Divvaakar: My next project is a thriller family drama about a modern woman who loses her honour, her home and her son, and fights to get it all back. Many first-time ideas have been thrown in. As we speak, it is at the last stages of closure with a BIG publisher. Fingers crossed. Godspeed.
BookGeeks: Any debut author faces many hurdles during his endeavour to launch a book. Which is the most difficult part – Getting the right idea, actually writing the book, finding a publisher or marketing? 

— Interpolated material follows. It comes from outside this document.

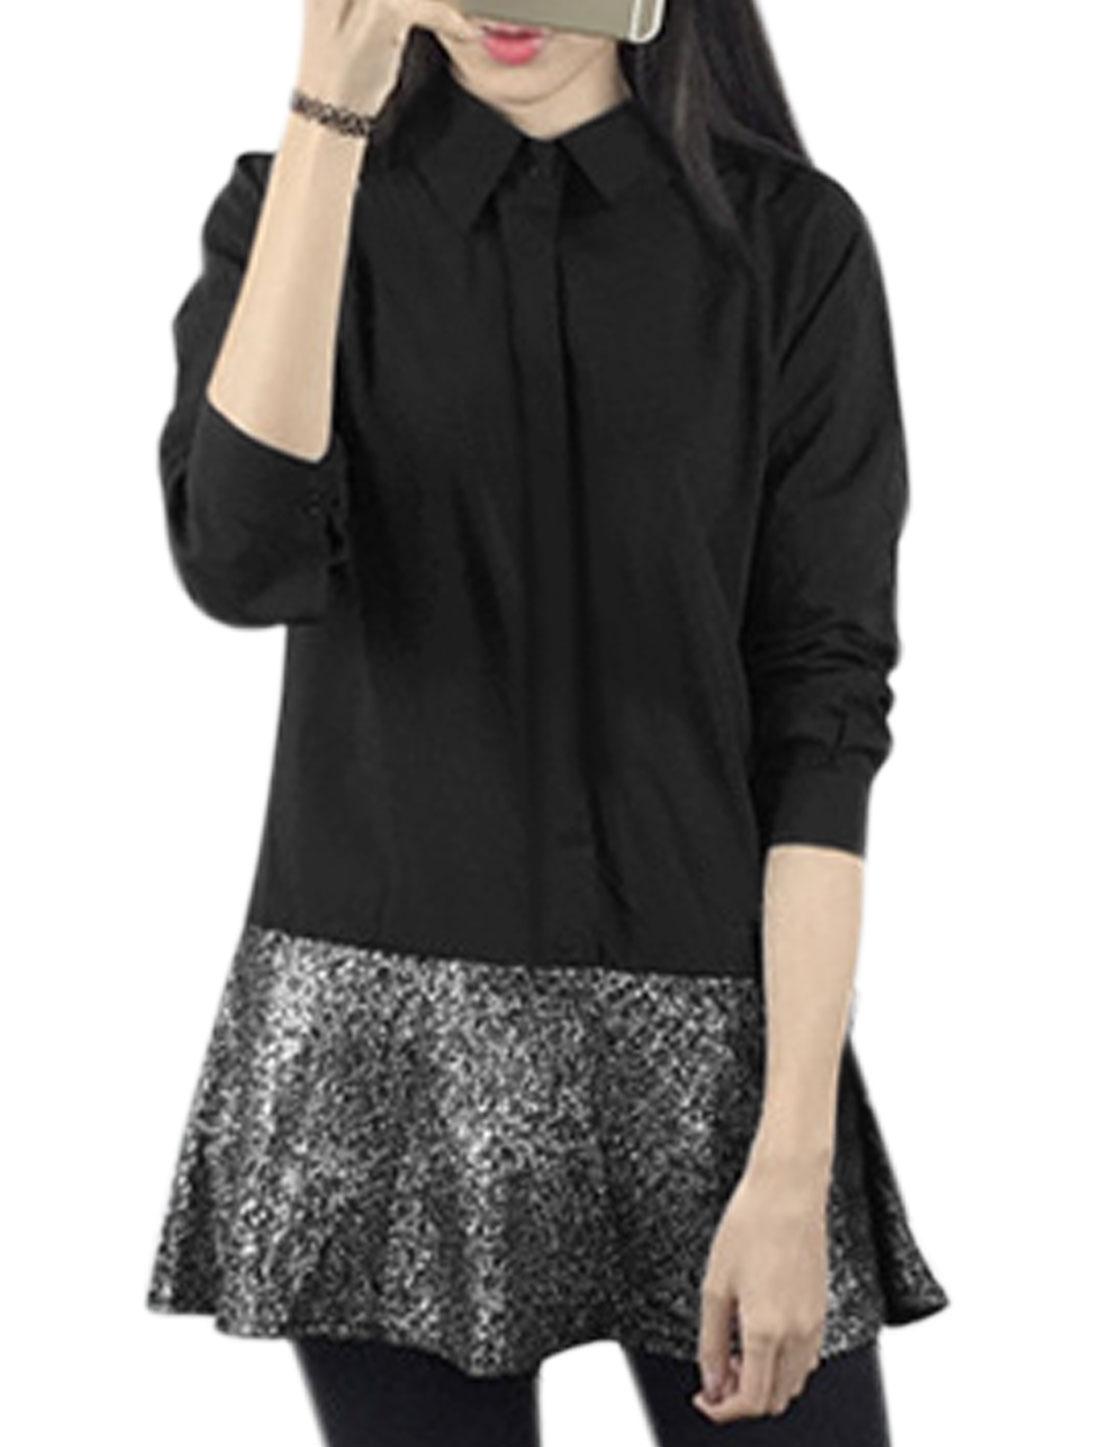 Women Hidden Placket Upper Shiny Panel Layered Tunic Shirt Dress Black XS
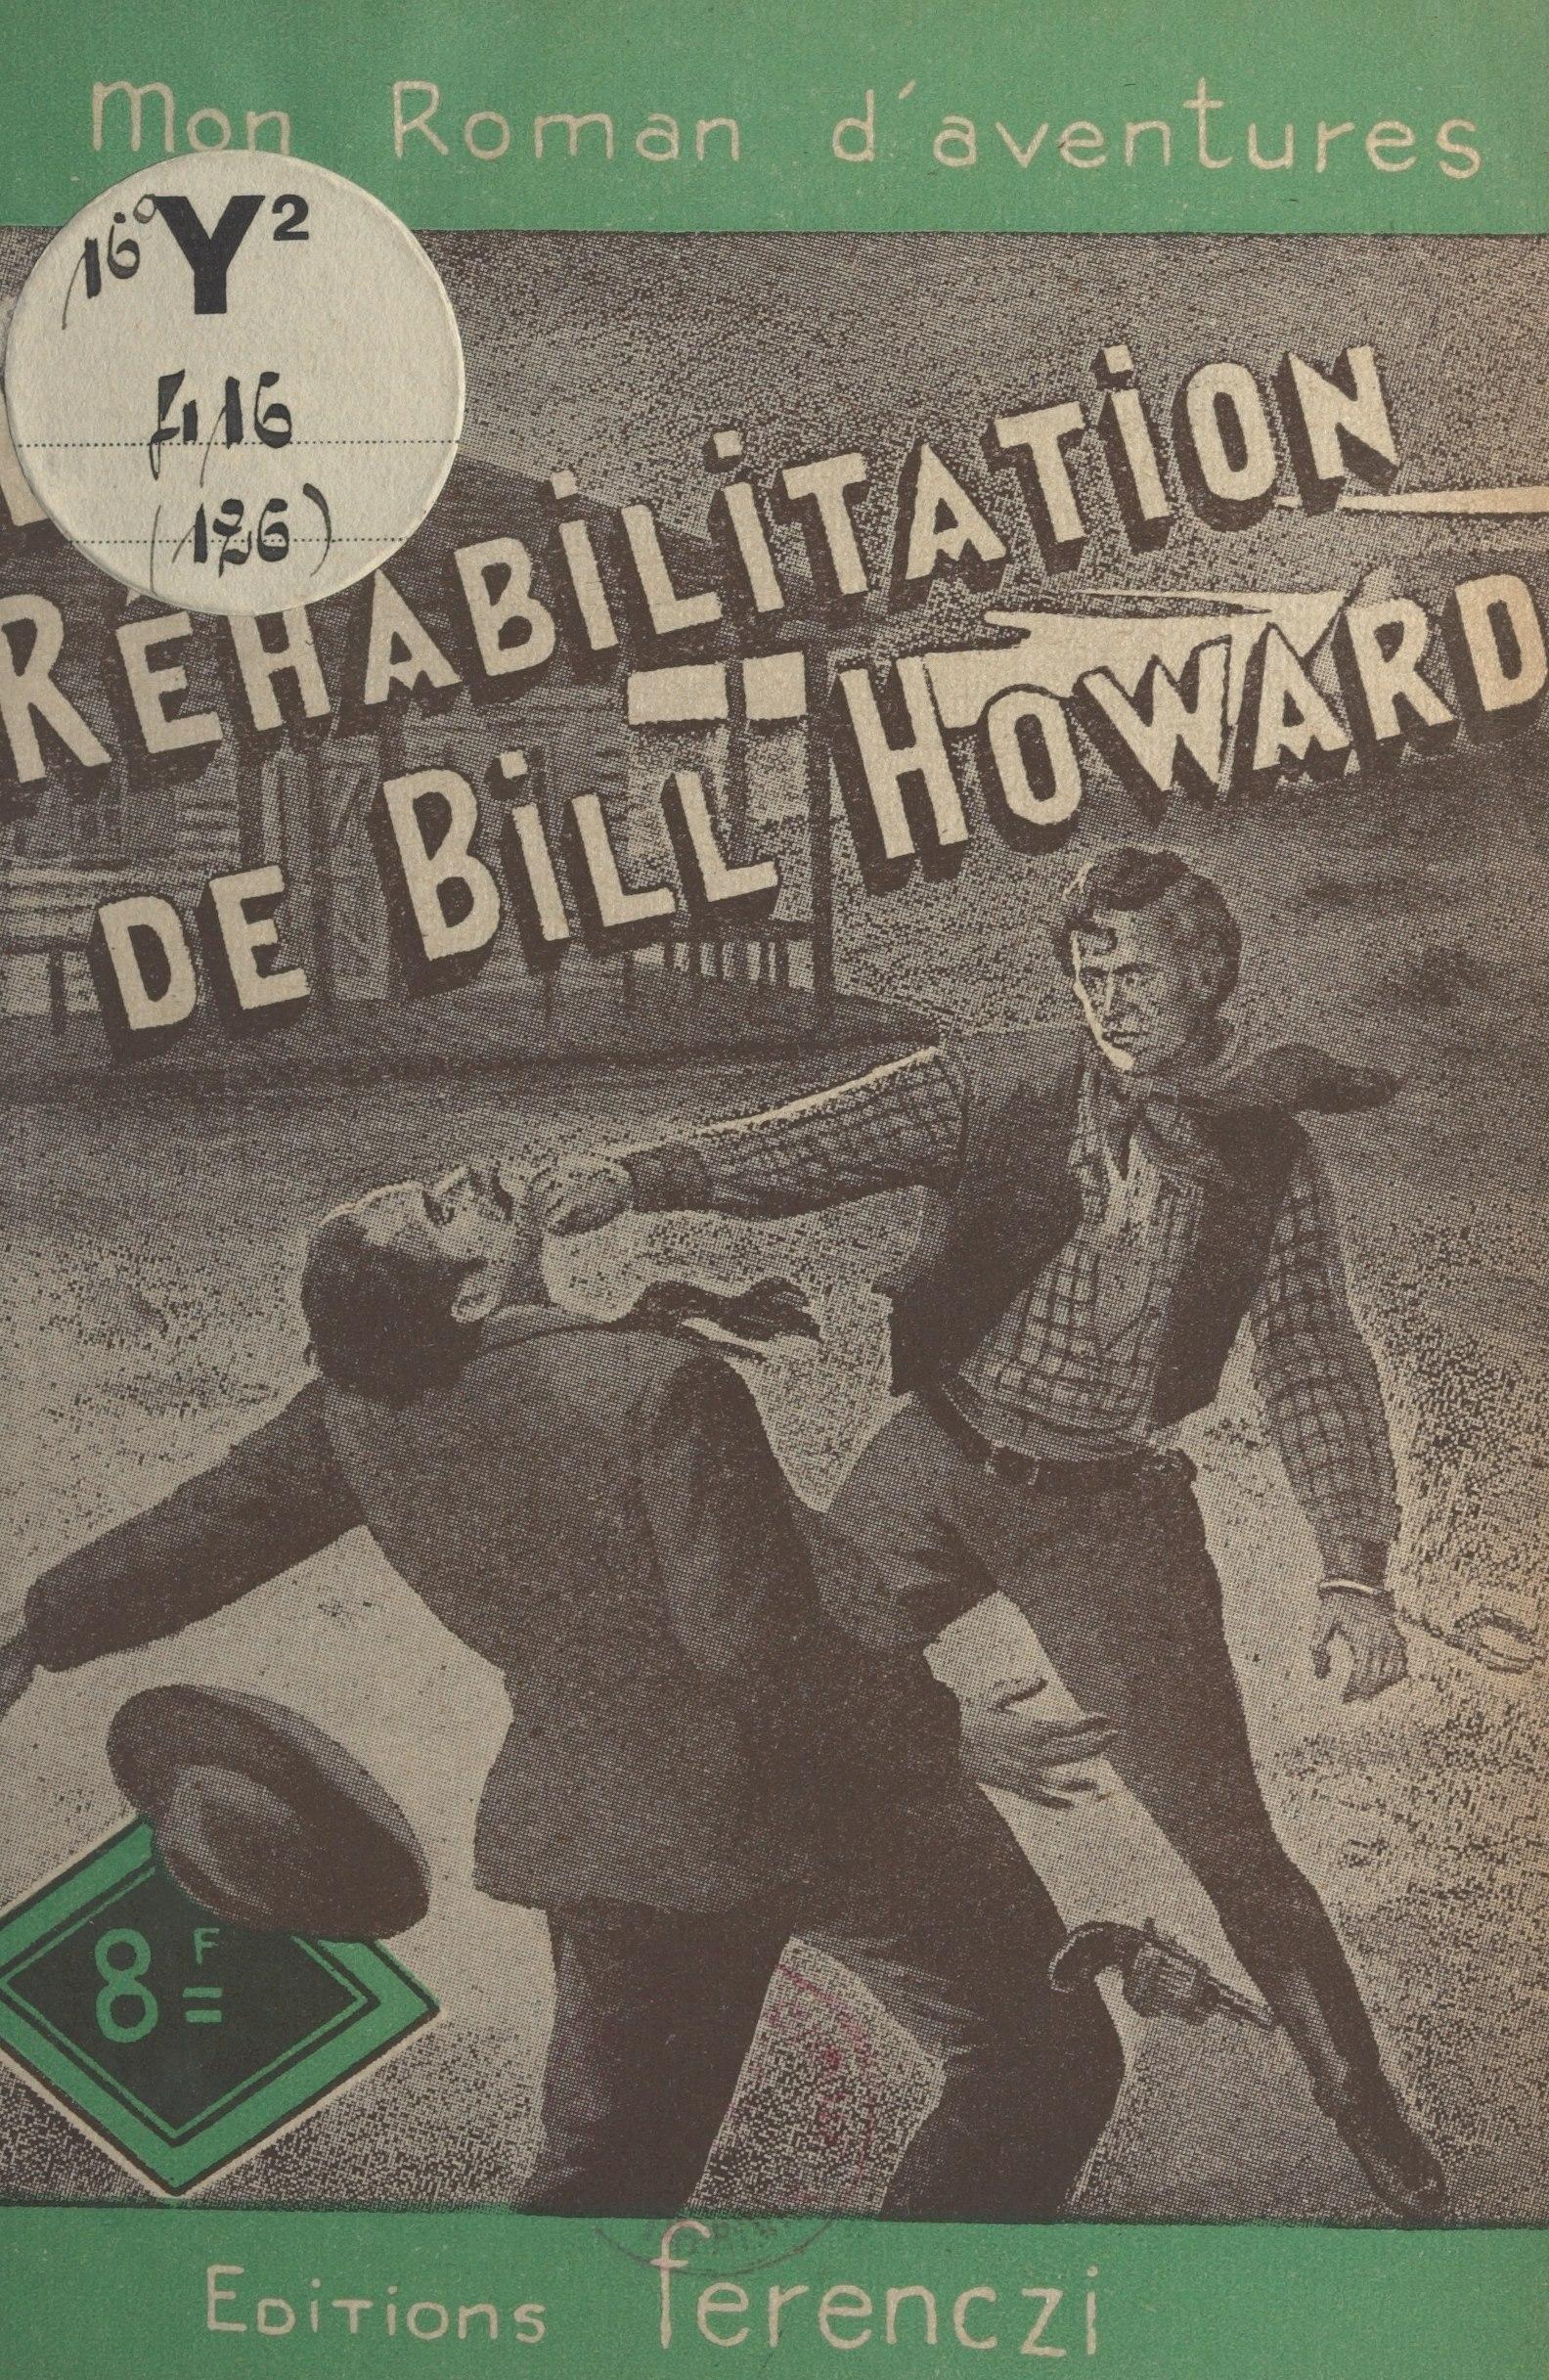 La réhabilitation de Bill Howard

Divvaakar: Each one of them, one after the other. However, I must say this in defence of the the business: there are many helpful souls who will guide you, provided you are a good disciple and willing to learn. Having a mentor from the publishing world is critical- we all need people who see potential in our writing and are willing to lend a hand to see us succeed. Many a big author got that lucky break through a friendly angel.
BookGeeks: What would be your advice to any budding or debut author? 
Divvaakar: An author’s biggest weakness is EGO.  We should all be willing to accept the rejections- there are usually good reasons for reactions and suggestions that come in the manuscript stages- sometimes, authors believe they know best. And, spending money alone doesn’t get you anywhere, ultimately the reader must feel and connect with the story and the author. That is my biggest lesson. As an author, now I only seek to connect, to understand my readers better and strive to be understood by them equally. I felt that with BBB a connection got established with at least one section of the readership.
BookGeeks: Would you like say anything about the team? 
Divvaakar: I like your transparency about the review process, which is very useful to the author as well as the reader. The EQ is a good barometer (Trademark it!).

As reviewers, you are like Malcolm Gladwell’s ‘MULTIPLIERS’, you have great power to influence your network. With great power comes great responsibility. I think your reviews demonstrate that responsibility and sensitivity, so that even ‘Jor Ka Jhatka Dheere Se Lage!’  Keep up the noble work.  Best luck!